Think of my friend, Elena, who runs a small bakery. She struggled with the Chivo app initially, but once a volunteer showed her a simple, non-custodial wallet and explained that she just needed to protect her 12 “seed words” (her password phrase), she suddenly got it. She realized her Bitcoin was hers, and she wasn’t relying on a bank or a government app to hold it. That clicked for her in a way that all the technical talks never did.
What Does the Future Really Look Like?
So, back to the big question: what is the future of Bitcoin in El Salvador?

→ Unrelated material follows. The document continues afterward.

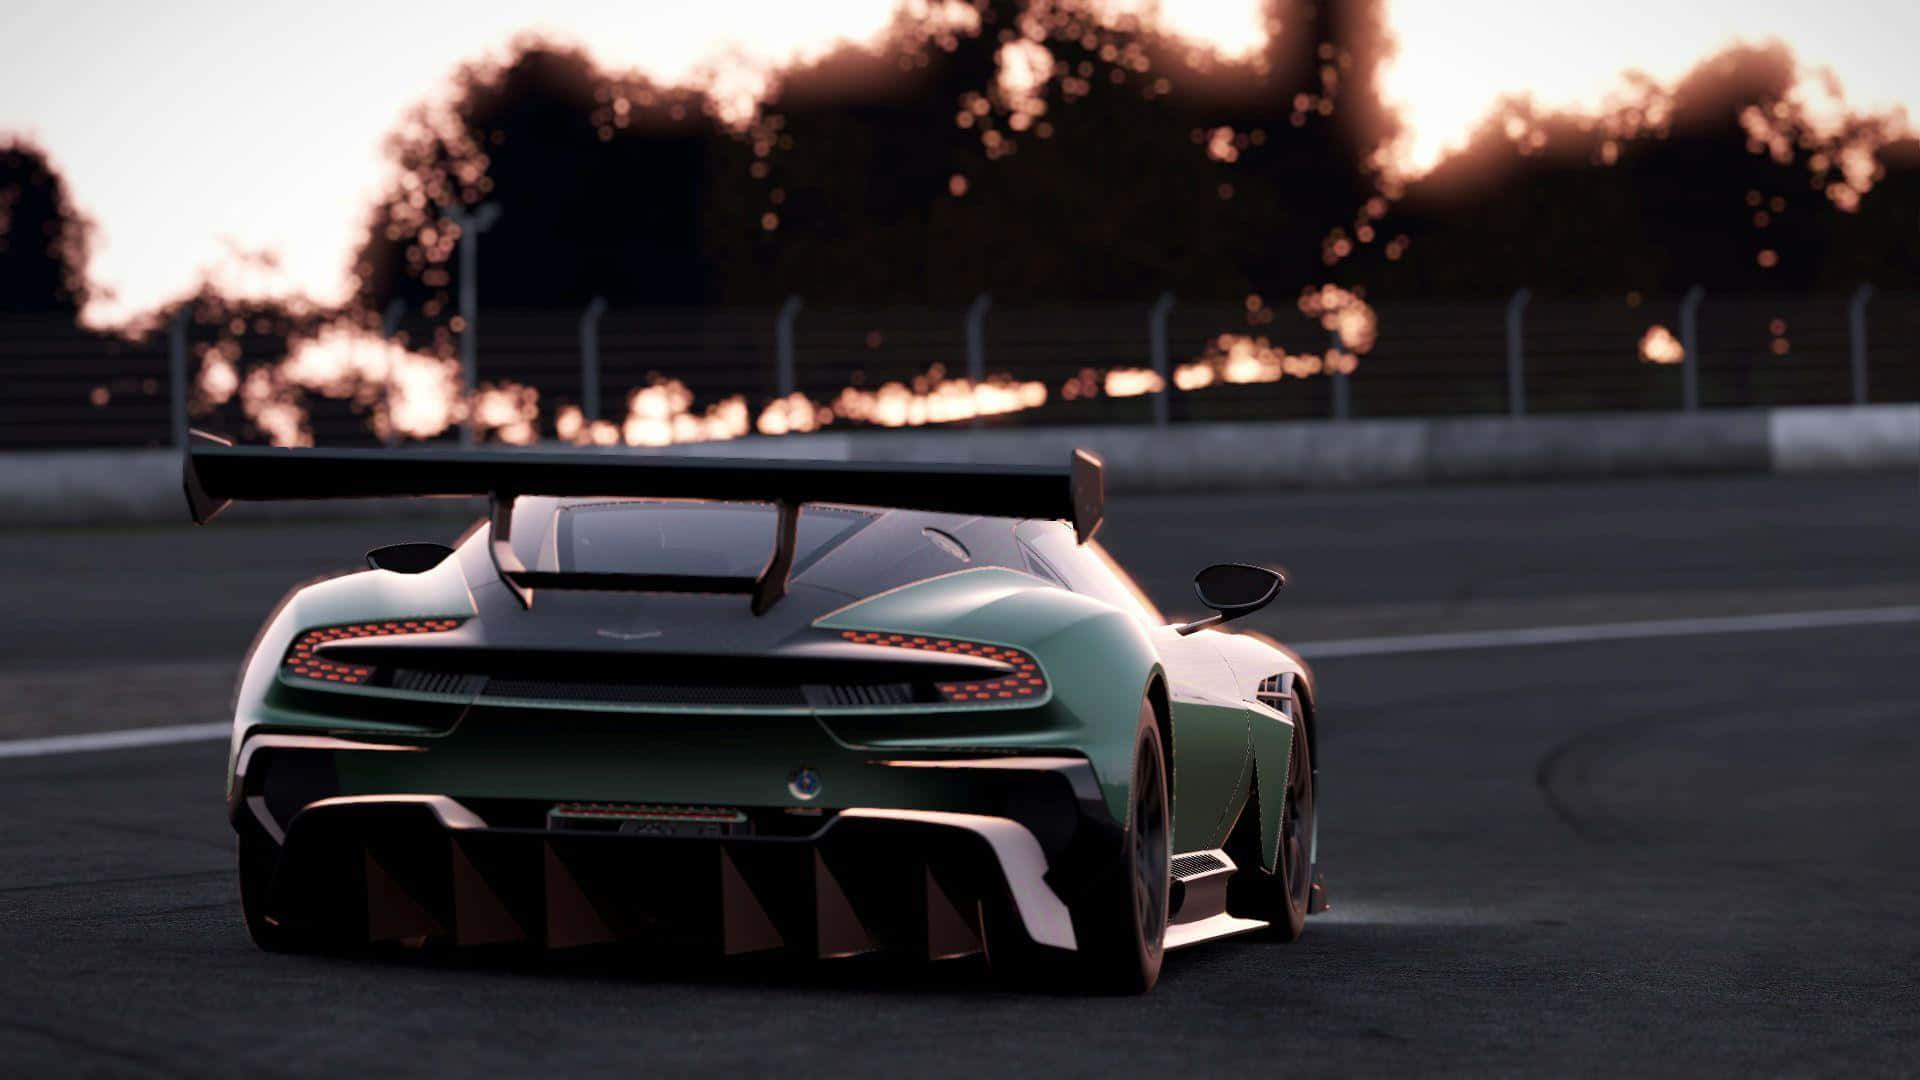 Get Ready to Race in the Highly Ratched World of Best Project Cars 2

I think the future is not a sudden, massive switch, but a slow, quiet evolution driven by two things: remittances and self-sovereignty.
The Remittance Factor
Remittances (money sent home by Salvadorans working abroad) are a huge part of the country’s economy. When a Salvadoran in the US sends $300 home, the banks and transfer agencies take a chunk of that, often $10, $15, or more.

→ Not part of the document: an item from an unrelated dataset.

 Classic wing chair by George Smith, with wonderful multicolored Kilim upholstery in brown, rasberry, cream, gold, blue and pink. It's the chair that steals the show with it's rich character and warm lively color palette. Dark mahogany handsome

If that $300 is sent over the Lightning Network (Bitcoin’s fast, cheap layer), the fee is mere cents. This isn’t theoretical; it’s happening right now.
- Real-life Example: Imagine a mother who receives $200 a month from her son in Texas. If she saves $10 a month in fees using Bitcoin, that’s $120 a year, enough for a new school uniform or several weeks of utilities.
As more Salvadorans realize they are getting more of their own money using Bitcoin, this practical incentive will drive adoption faster than any government mandate. It’s an economic choice, not a political one. When money is tight, saving $10 is huge, and that’s a lesson that requires no complex financial educatio, just simple math.
The Self-Sovereignty Awakening
The second driver is the slow realization that owning your money is a powerful thing.
When you keep your money in a bank, the bank controls it. If the bank fails, or if a government freezes accounts (which happens in many countries, though thankfully not currently here), your money is trapped.
With Bitcoin, you hold the keys. It’s yours, 24/7, anywhere in the world. For people who have lived through financial instability or distrust institutions, this is the ultimate security blanket. It’s peace of mind. This kind of value is hard to put a price tag on.
I see this particularly with the younger generation and entrepreneurs. They are digital natives. They don’t mind learning a new app or system if it means they can access global markets and receive payments instantly without waiting three days for a bank transfer. For them, Bitcoin isn’t just money; it’s a tool for doing business in the 21st century.
Final Sip: Where We Go From Here
The Bitcoin experiment in El Salvador is a marathon, not a sprint. We are still in the very early, sometimes messy, stages.
It’s easy to get discouraged by the lack of mass adoption for daily payments. But the real success of the experiment won’t be measured by how many people buy pupusas with Bitcoin (though some do!).
The success will be measured by economic empowerment, by how many people cut their remittance fees, how many small businesses get access to a global payments system, and how many Salvadorans choose to save a portion of their earnings in an asset that can’t be inflated away.
What the government is doing, using Bitcoin as their own life savings strategy, is the crucial example that needs to be communicated clearly. They aren’t day trading; they are holding. They are using it as a long-term strategy for storing value. If everyday citizens can see Bitcoin not as a volatile payment method, but as a superior savings account, that changes everything.
So, if you’re trying to understand the future of Bitcoin here, look past the headlines and look at the hands. Are people saving it? Are they sending it? Are they using it to protect their future?
I remain cautiously optimistic. The seed has been planted. Now, we just need to keep tending to the education and showing people that this tool isn’t just for investors or tech geeks, it’s for Maria, the tortilla seller, and Carlos, the construction worker, too. It’s a tool for everyone who values their hard-earned money. And that is a truly valuable thing.